INFORMATION SUPPLIED
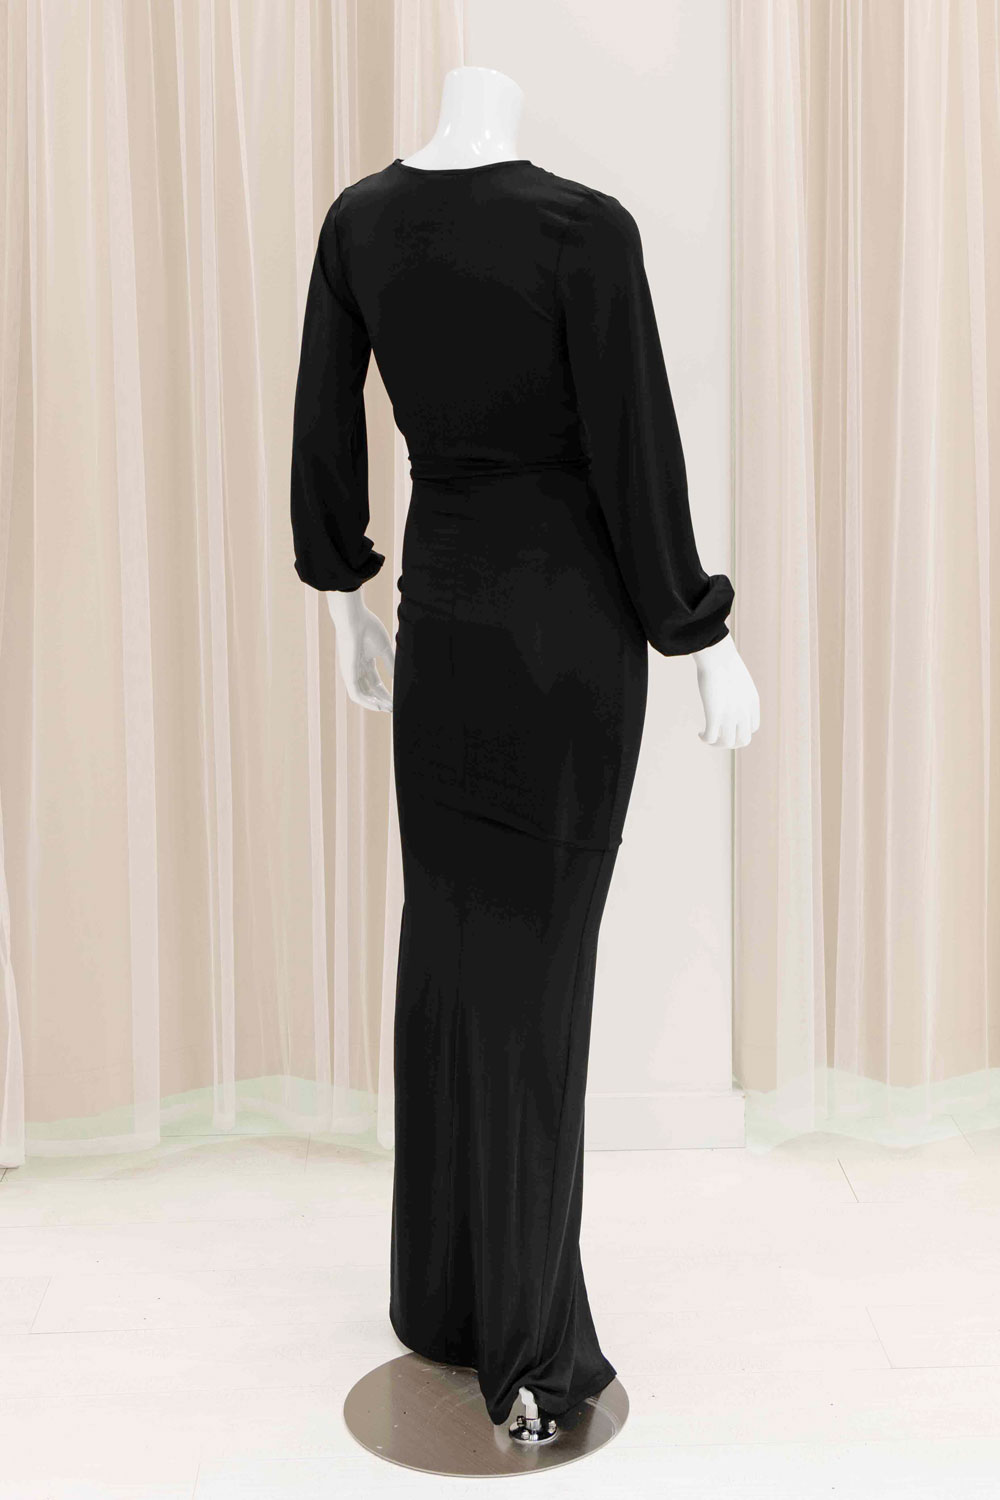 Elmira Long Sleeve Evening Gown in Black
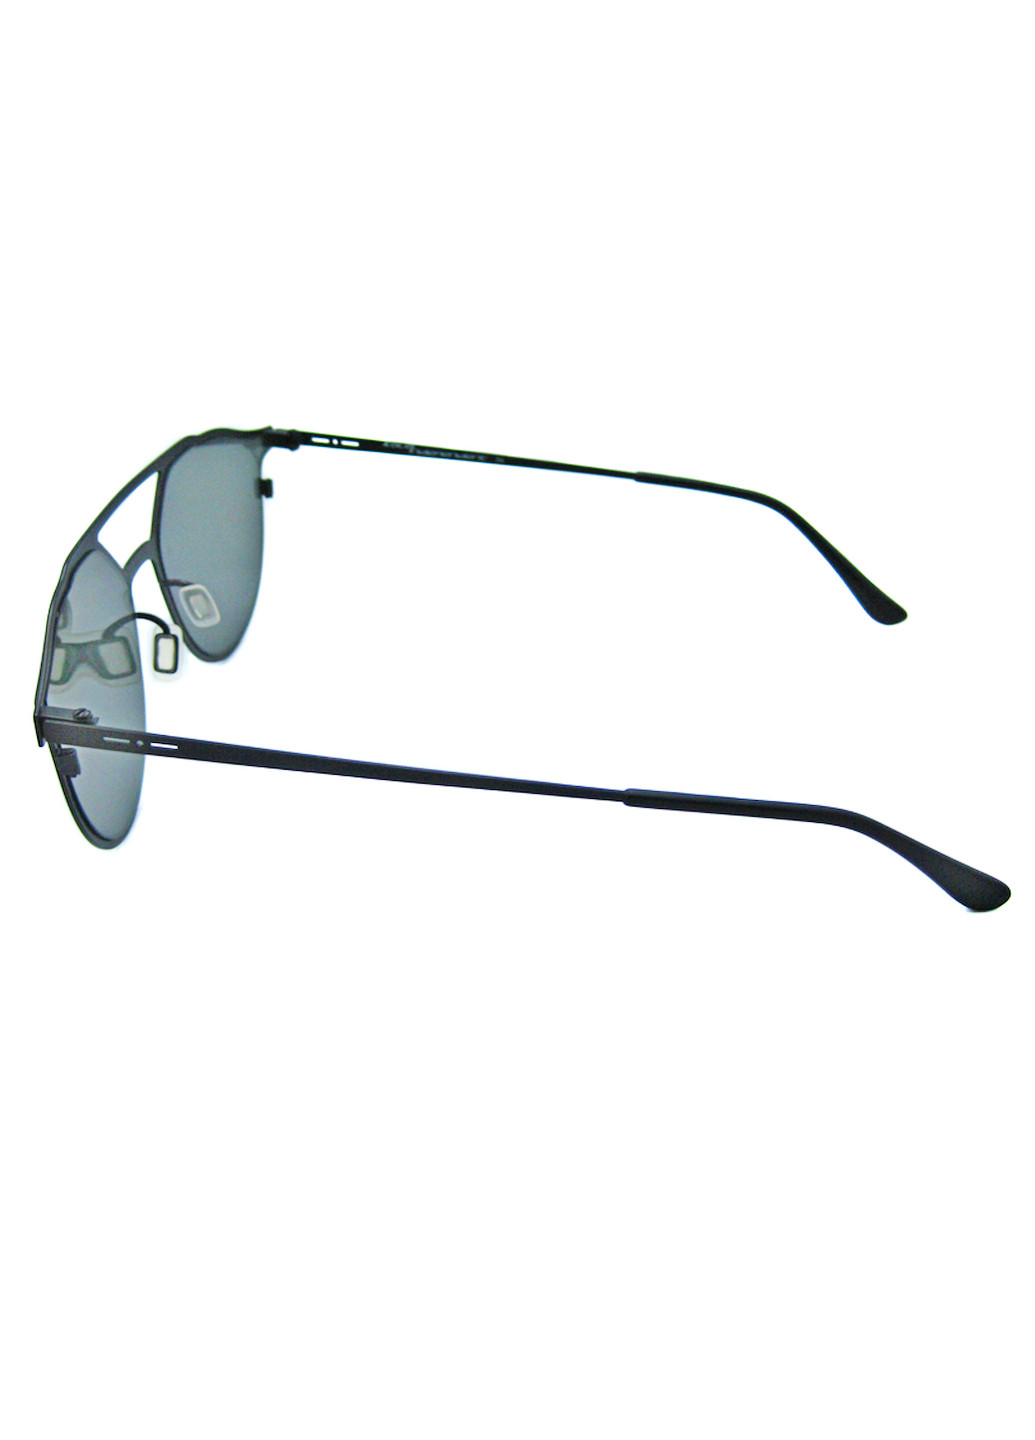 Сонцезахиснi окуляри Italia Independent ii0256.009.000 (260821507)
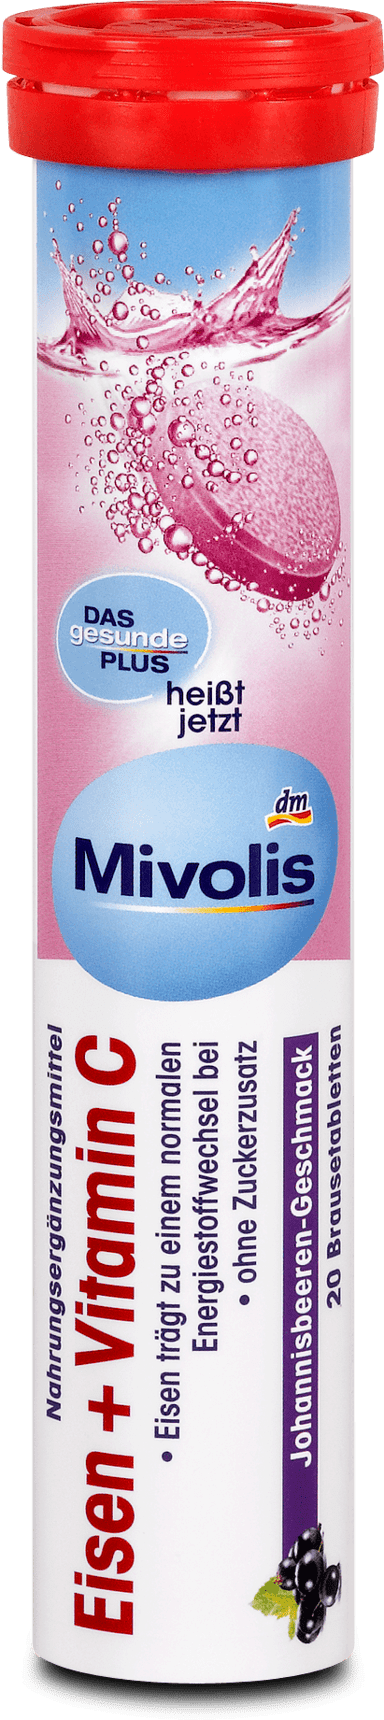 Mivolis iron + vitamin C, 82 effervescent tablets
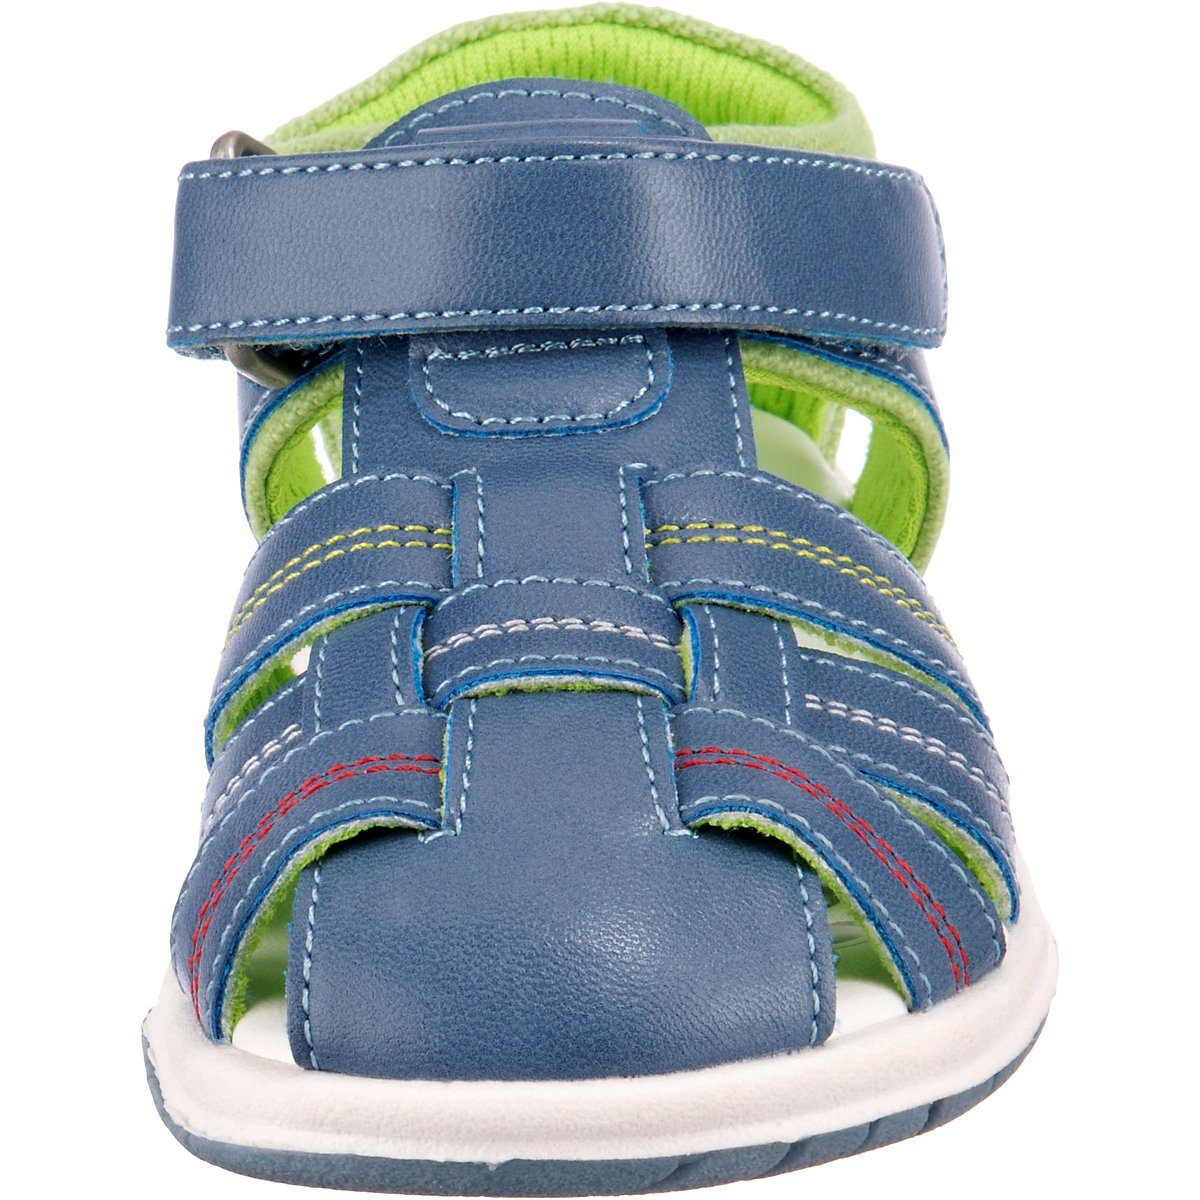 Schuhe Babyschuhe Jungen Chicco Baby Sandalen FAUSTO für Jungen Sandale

REQUIREMENT
Output the line containing "Сонцезахиснi окуляри Italia" and each line after it, through the end of the material, exactly as given. No pictures belong in the output.

OUTPUT OF THE TASK
 Сонцезахиснi окуляри Italia Independent ii0256.009.000 (260821507)
 Mivolis iron + vitamin C, 82 effervescent tablets
 Schuhe Babyschuhe Jungen Chicco Baby Sandalen FAUSTO für Jungen Sandale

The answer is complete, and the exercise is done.